Q The man I've been married to for 23 years cheated on me five years into our marriage and ended up having three children with other person. Recently, I started to file for a divorce; he found out and pretended he wanted to reconcile, but it was just an act. He s an alcoholic and has seizures and hasn't worked in about 17 years. I have such hostility toward this man, and so I need really get out of this relationship before I go crazy. He says he doesn't want a divorce, but he also doesn't want to commit to me. Is it wrong for me to want out?
Chicago
A No, it's not wrong for you want out. You have taken a lot from this inconsiderate louse for 23 years. If he is not willing to commit to you, then you must make hard decisions. It is now time to think about yourself, your well-being And your own happiness and future.
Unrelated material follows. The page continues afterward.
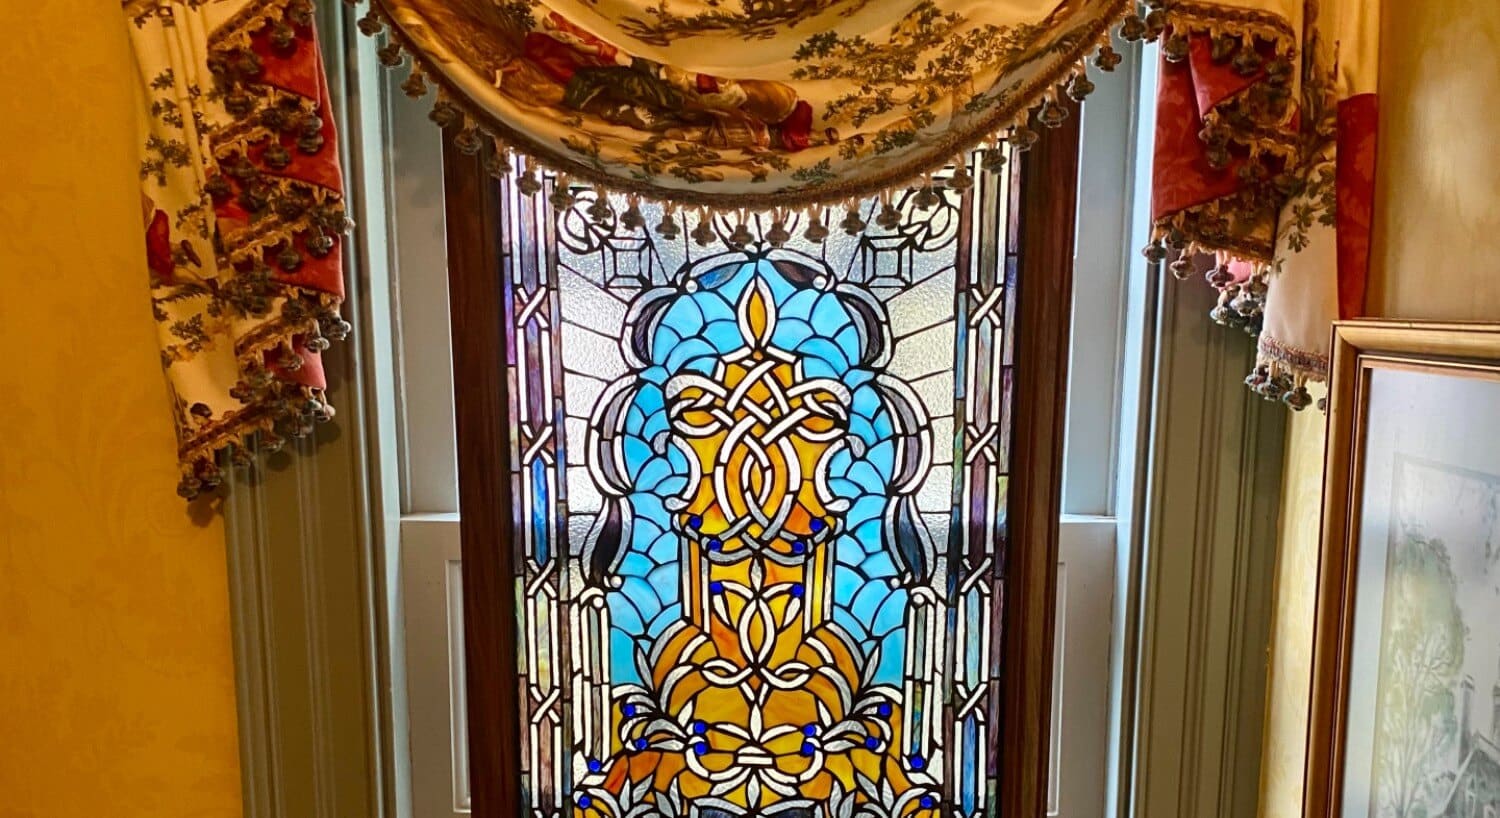 Beautiful stained glass window with a floral curtain valence draped at the top

Q In the past I was very sexually active without using protection. Thanks to God almighty, I never caught anything. I do appreciate this. Things is, I never got pregnant either. I've had more than one partner and I never conceived. My mother suggets that it was God protecting me. At first I believe this, but then I began to wonder if I will ever be able to bear children. How can I know if I can or not? Is it that I'm barren? Please let me know.
California
A First, count your blessings that you never "caught anything" or got pregnant, regardless of your foolish ways. And please know that just because you have been lucky enough not to get pregnant does not mean you cannot have children. If you want to know for sure, go to your doctor and ask for a thorough exam. He or she will be able to tell you if you are fertile and able to have children. Regardless, stop having unprotected sex. It's dangerous.